Unnamed: 0,PassengerId,Survived,Pclass,Name,Sex,Age,SibSp,Parch,Ticket,Fare,Cabin,Embarked
0,1,0,3,"Braund, Mr. Owen Harris",male,22.0,1,0,A/5 21171,7.25,,S
1,2,1,1,"Cumings, Mrs. John Bradley (Florence Briggs Th...",female,38.0,1,0,PC 17599,71.2833,C85,C
2,3,1,3,"Heikkinen, Miss. Laina",female,26.0,0,0,STON/O2. 3101282,7.925,,S
3,4,1,1,"Futrelle, Mrs. Jacques Heath (Lily May Peel)",female,35.0,1,0,113803,53.1,C123,S
4,5,0,3,"Allen, Mr. William Henry",male,35.0,0,0,373450,8.05,,S


In [0]:
data.shape

(891, 12)

## Missing Data

### Check missing values

In [0]:
data.isnull().sum()

PassengerId      0
Survived         0
Pclass           0
Name             0
Sex              0
Age            177
SibSp            0
Parch            0
Ticket           0
Fare             0
Cabin          687
Embarked         2
dtype: int64

### Missing value handling

As you can seee that there are some missing values in 'age' , 'embark' and 'cabin'. In 'cabin' number of missing values are large hence we delete this column from data, and in 'age' we will fill missing values with mean value and in 'embark' with most frequent value.

In [0]:
mean_value = round(data['Age'].mean())
mode_value = data['Embarked'].mode()[0]

value = {'Age': mean_value, 'Embarked': mode_value}
data.fillna(value=value,inplace=True)

data.dropna(axis=1,inplace=True)

In [0]:
data.shape

(891, 11)

## Explore data with pandas_profiling library 

In [0]:
import pandas_profiling as pdpf
pdpf.ProfileReport(data)

# Train, val, test Split

We will divide data into train, validation, test data with 3:1:1 ratio

In [0]:
train, test = train_test_split(data, test_size=0.2)
train, val = train_test_split(train, test_size=0.25)
print(len(train), 'train examples')
print(len(val), 'validation examples')
print(len(test), 'test examples')

534 train examples
178 validation examples
179 test examples


# Input pilpe line

## Feature columns
Know more about feature columns [here](https://medium.com/ml-book/demonstration-of-tensorflow-feature-columns-tf-feature-column-3bfcca4ca5c4) 

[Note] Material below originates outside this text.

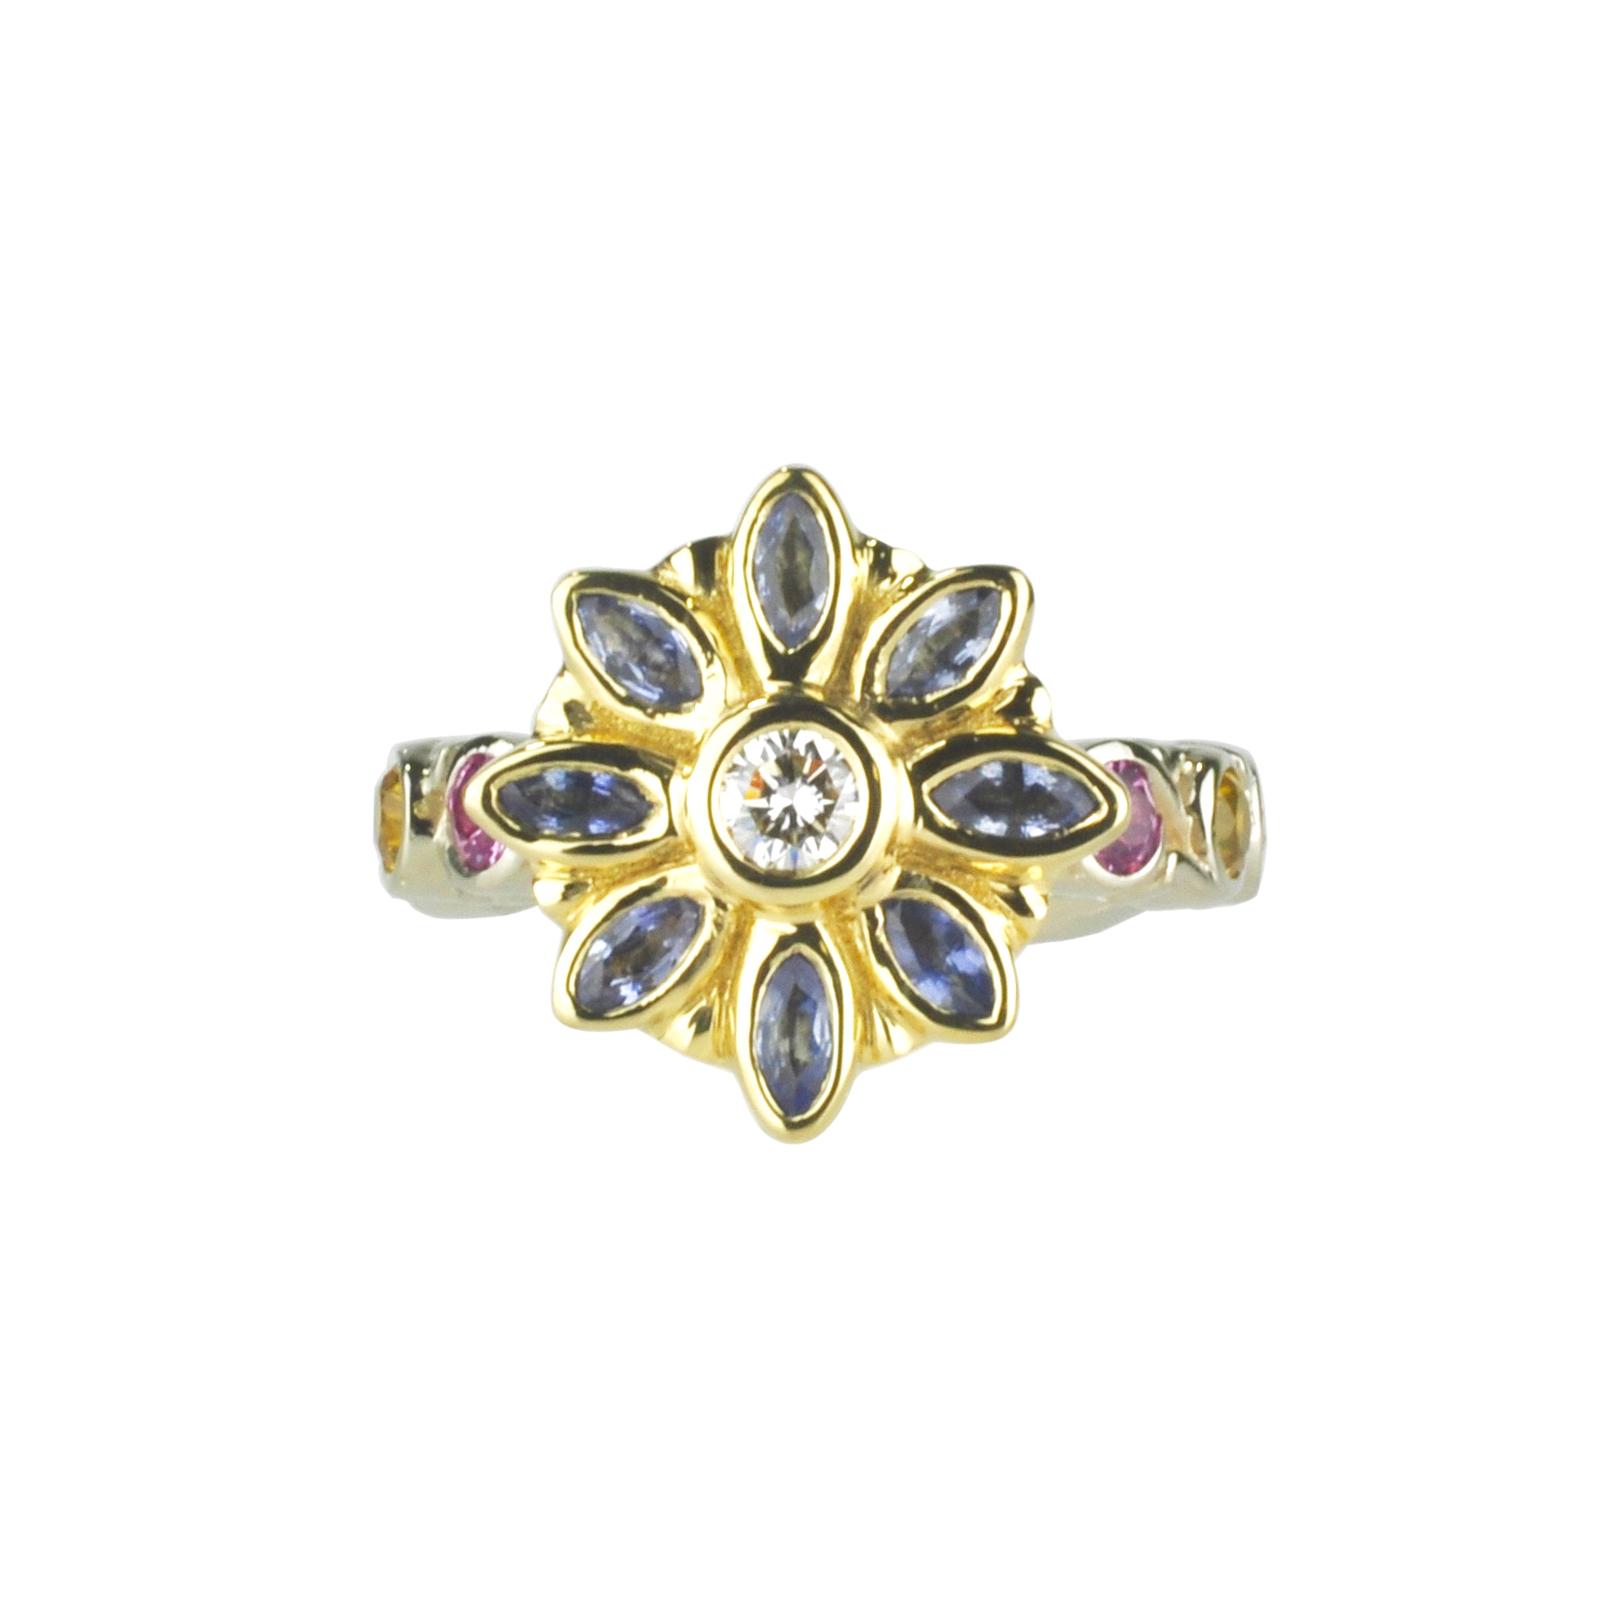 Sapphire and Diamond Flower Ring by Waylon Rhoads Jewelry

### Decide which types of features you have in data
While data exploration you should note the types of features we have, for example, whether a feature is numerical or categorical, if it is numerical then can we categorize it into buckets or not, or if it is categorical then it should be checked how many categories are there, can we convert it into indicator columns or embedding column, are there any two feature, those can we combined to create new crossed feature. I will recommend you to read this very simplified [tutorial on feature columns](https://medium.com/ml-book/demonstration-of-tensorflow-feature-columns-tf-feature-column-3bfcca4ca5c4).

In [0]:
num_c = ['Age','Fare','Parch','SibSp']
bucket_c  = ['Age']

cat_i_c = ['Embarked', 'Pclass','Sex']
cat_e_c = ['Ticket']

### Scaler function
It is very important for numerical variables to get scaled. here I have used min-max scaling. Here we are creating a function named 'get_scal' which takes list of numerical features and  returns 'minmax' function, which will be used in tf.feature_column.numeric_column() as normalizer_fn in parameters. 'minmax' function itself takes a 'numerical' number from a particular feature and return scaled value of that number. 

In [0]:
def get_scal(feature):
  def minmax(x):
    mini = train[feature].min()
    maxi = train[feature].max()
    return (x - mini)/(maxi-mini)
  return(minmax)

### Creating feature columns


In [0]:
# Numerical columns
feature_columns = []
for header in num_c:
  scal_input_fn = get_scal(header)
  feature_columns.append(feature_column.numeric_column(header, normalizer_fn=scal_input_fn))

# Bucketized columns
Age = feature_column.numeric_column("Age")
age_buckets = feature_column.bucketized_column(Age, boundaries=[18, 25, 30, 35, 40, 45, 50, 55, 60, 65])
feature_columns.append(age_buckets)

# Categorical indicator columns
for feature_name in cat_i_c:
  vocabulary = data[feature_name].unique()
  cat_c = tf.feature_column.categorical_column_with_vocabulary_list(feature_name, vocabulary)
  one_hot = feature_column.indicator_column(cat_c)
  feature_columns.append(one_hot)

# Categorical embedding columns
for feature_name in cat_e_c:
  vocabulary = data[feature_name].unique()
  cat_c = tf.feature_column.categorical_column_with_vocabulary_list(feature_name, vocabulary)
  embeding = feature_column.embedding_column(cat_c, dimension=50)
  feature_columns.append(embeding)

# Crossed columns
vocabulary = data['Sex'].unique()
Sex = tf.feature_column.categorical_column_with_vocabulary_list('Sex', vocabulary)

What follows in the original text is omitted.